Now if only they could more clearly communicate when games are playable offline.
Easy Anti Cheat - requires manual removal
Wait, so this sketchy, privacy-invading stuff remains even after a game is uninstalled?! I had no idea.
How is this stuff not classed as malware at this point?
W steam/valve
Any program having kernel level access is spyware. This is getting ridiculous.
Vanguard anticheat…
FYI - the owner of this site, gamingonlinux, was a mod on the !linux_gaming@lemmy.ml community until they were caught abusing their moderator powers. Then they deleted their account and complained on mastodon that it’s stupid design that mod logs are public. [Screenshot]

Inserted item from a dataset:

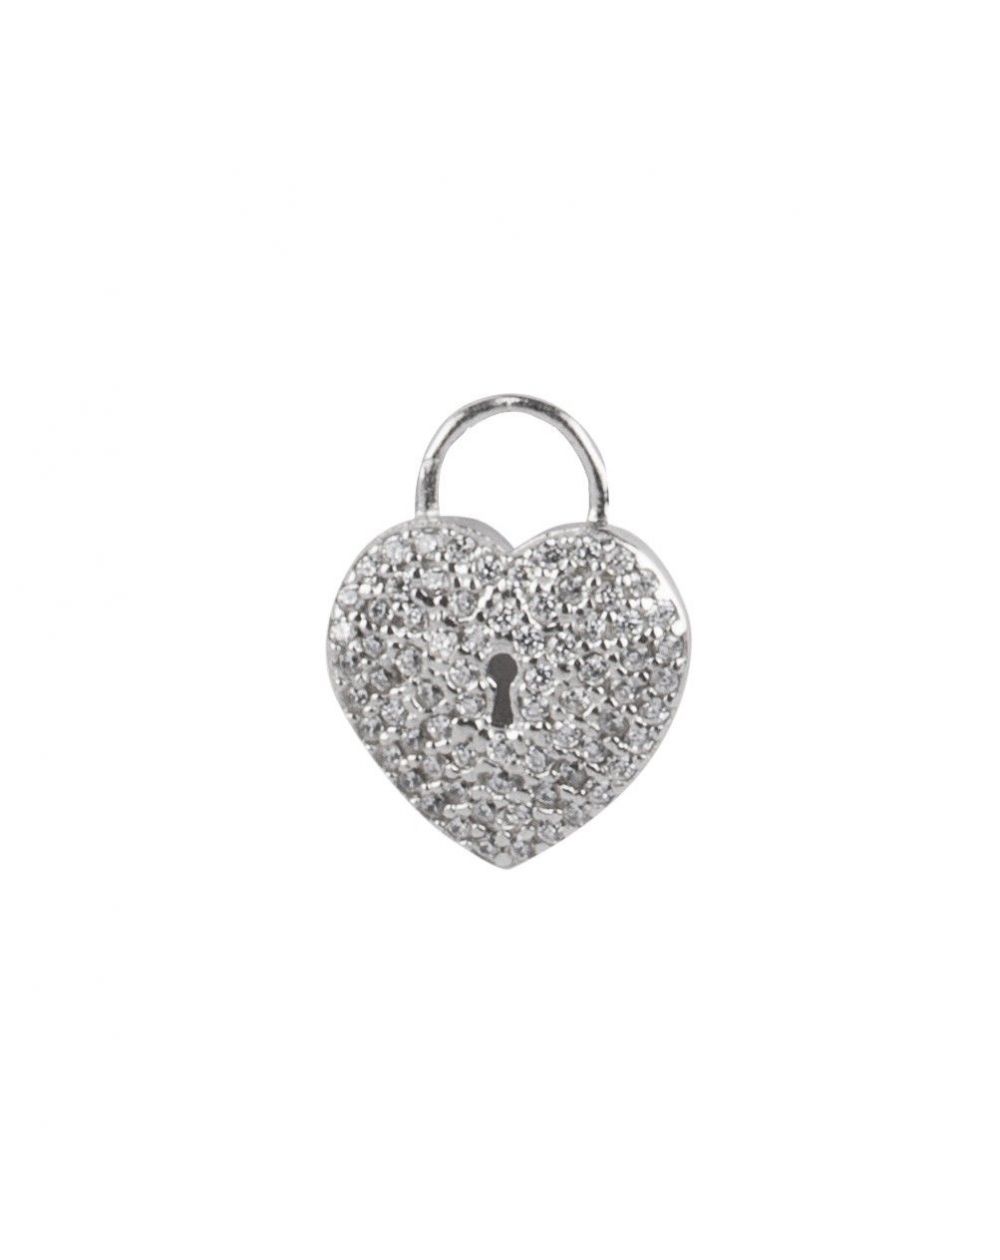 Bijou en argent - Heart pendant and lock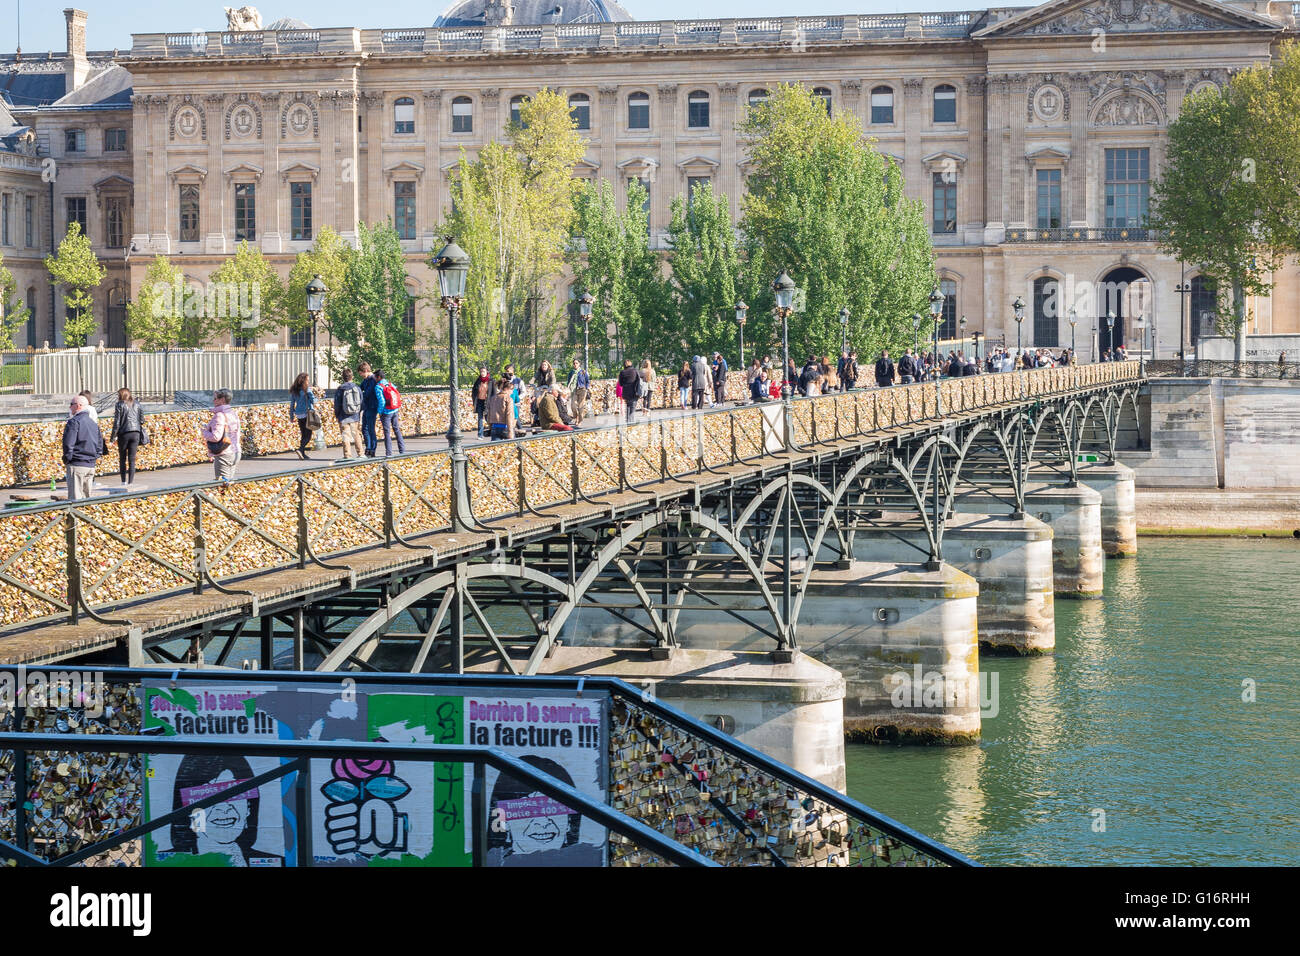 Les piétons traversent la Seine à Paris sur le Pont des Arts, c'est forgé recouvert de cadenas. Musée du Louvre en arrière-plan. Banque D'Images

Instead, here’s a link to the official post https://steamcommunity.com/groups/steamworks/announcements/detail/4547038620960934857
Wow, mad because you can be held accountable. That’s sad.
Thanks for the steam link!
4 likes on him complaining that modlogs being public is something bad, cowards that only want to be shitty in the shadows.
I’m still fairly new. Where do I go for modlog drama?
There is a sub for sanity checking mod actions, aita-style.
If you keep in mind it is for active unconfirmed situations, and that votes there are not meant to mark the cases of mod abuse, I think it can fill that niche.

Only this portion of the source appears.